2D Max pooling block

This layer reduces the size of the data, the number of parameters, the amount of computation needed, and it also controls overfitting. You can say that 2D max pooling is similar to scaling down the size of an image.

The 2D Max pooling block represents a max pooling operation. This layer outputs a smaller tensor than its input, which means downstream layers will need fewer parameters and amount of computation; it also serves to control overfitting.

2D Max pooling block
Figure 1. 2D Max pooling block

The 2D max pooling block moves a rectangle (window) over the incoming data, computing the maximum in each specific window. The size of the window is determined by the horizontal and vertical pooling factor and how big steps the window takes is determined by the horizontal and vertical stride.
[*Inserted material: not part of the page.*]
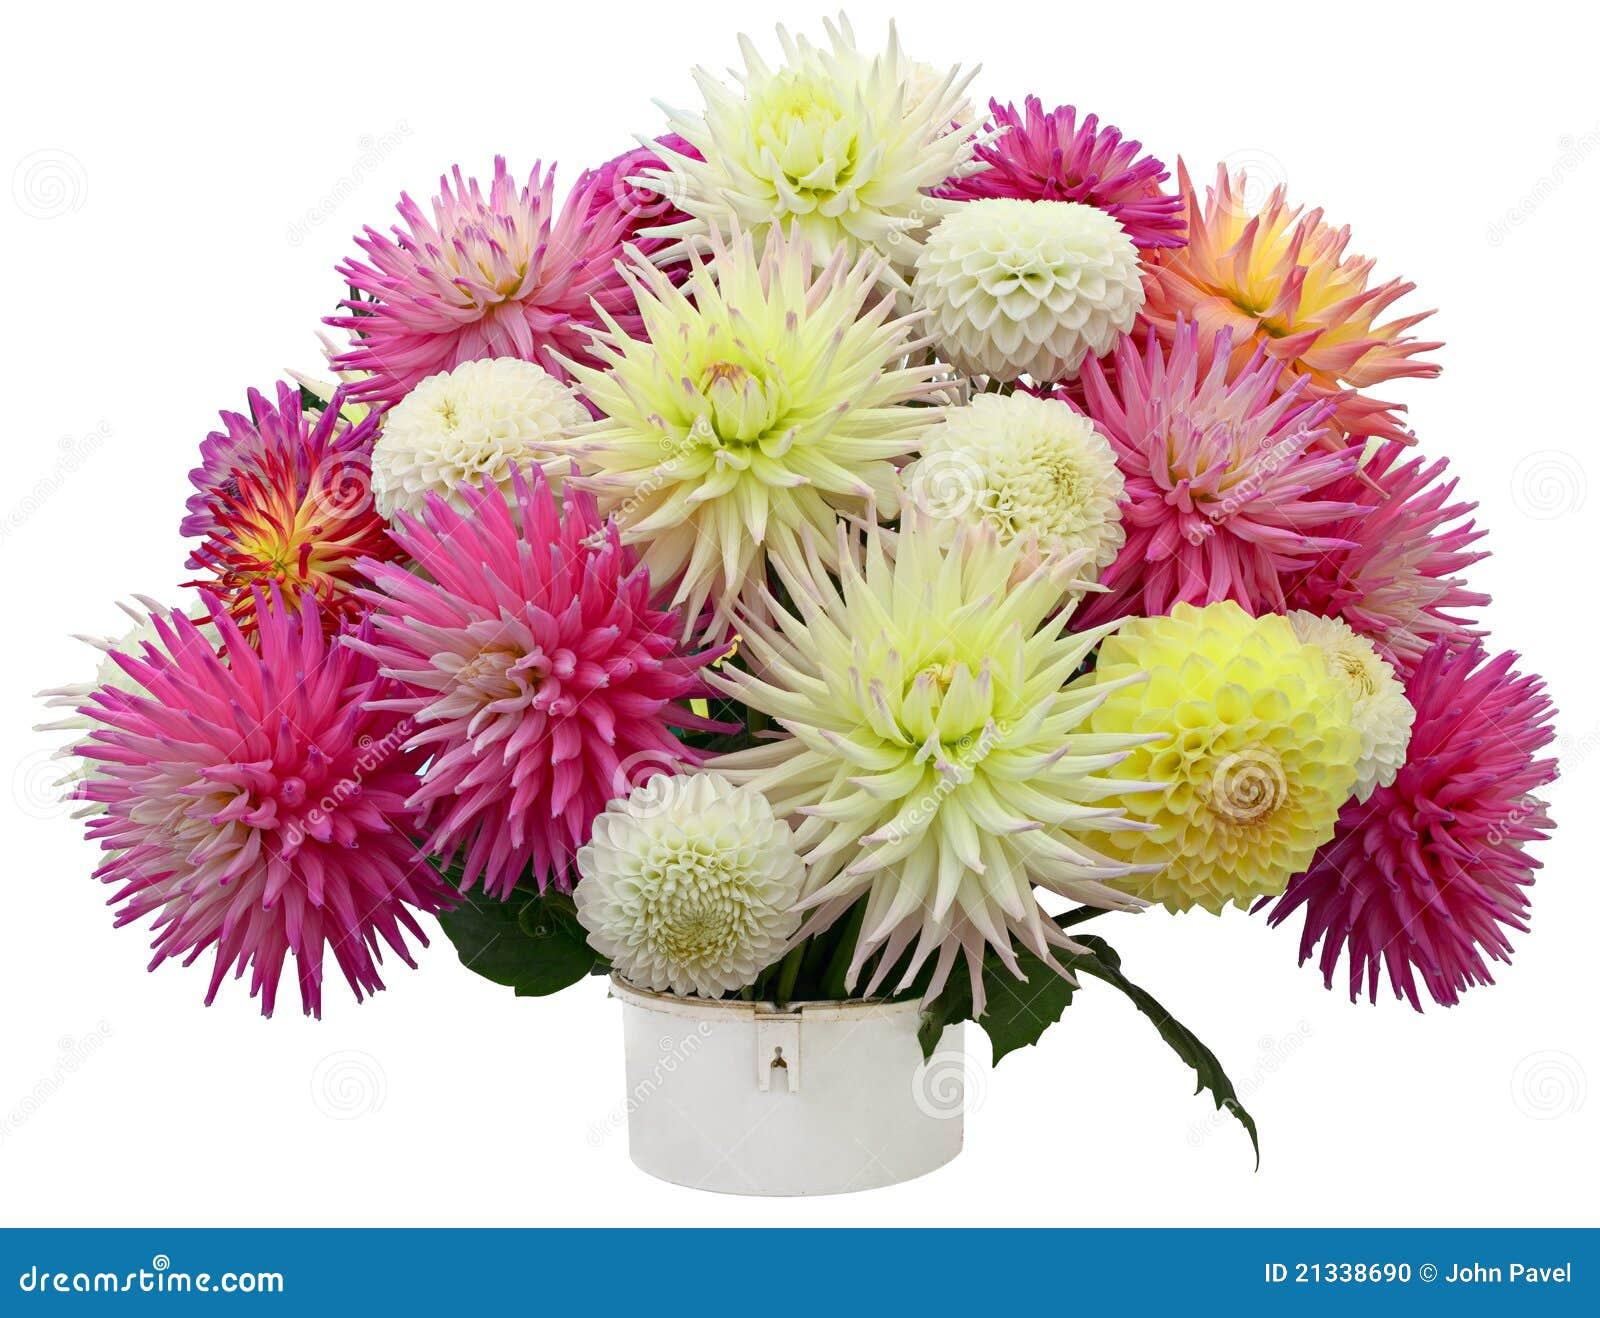 Flower Arrangement Of Chrysanthemums And Dahlias Stock

Max pooling layers are inserted after one or more convolutional layers; they help inner convolutional layers receive information from a bigger portion of the original image (a 3x3 filter after pooling is influenced by a 6x6 portion of the tensor before pooling). If we see convolutional layers as detectors of a specific feature, max pooling keeps only the “strongest” value of that feature inside the pooling rectangle. Each channel (hence each feature) is treated separately.

The output size is (input width/horizontal pooling factor) x (input height/vertical pooling factor) x (input channels)

Parameters

Horizontal pooling factor: The width of the rectangle within which the maximum is computed.

Vertical pooling factor: The height of the rectangle within which the maximum is computed.

Horizontal stride: Horizontal distance between the left edge of consecutive pooling windows.

Vertical stride: Vertical distance between the top edge of consecutive pooling windows.

Padding: Same (output (height) x (width) is the same as the input) or valid (output (height) x (width) is smaller than the input)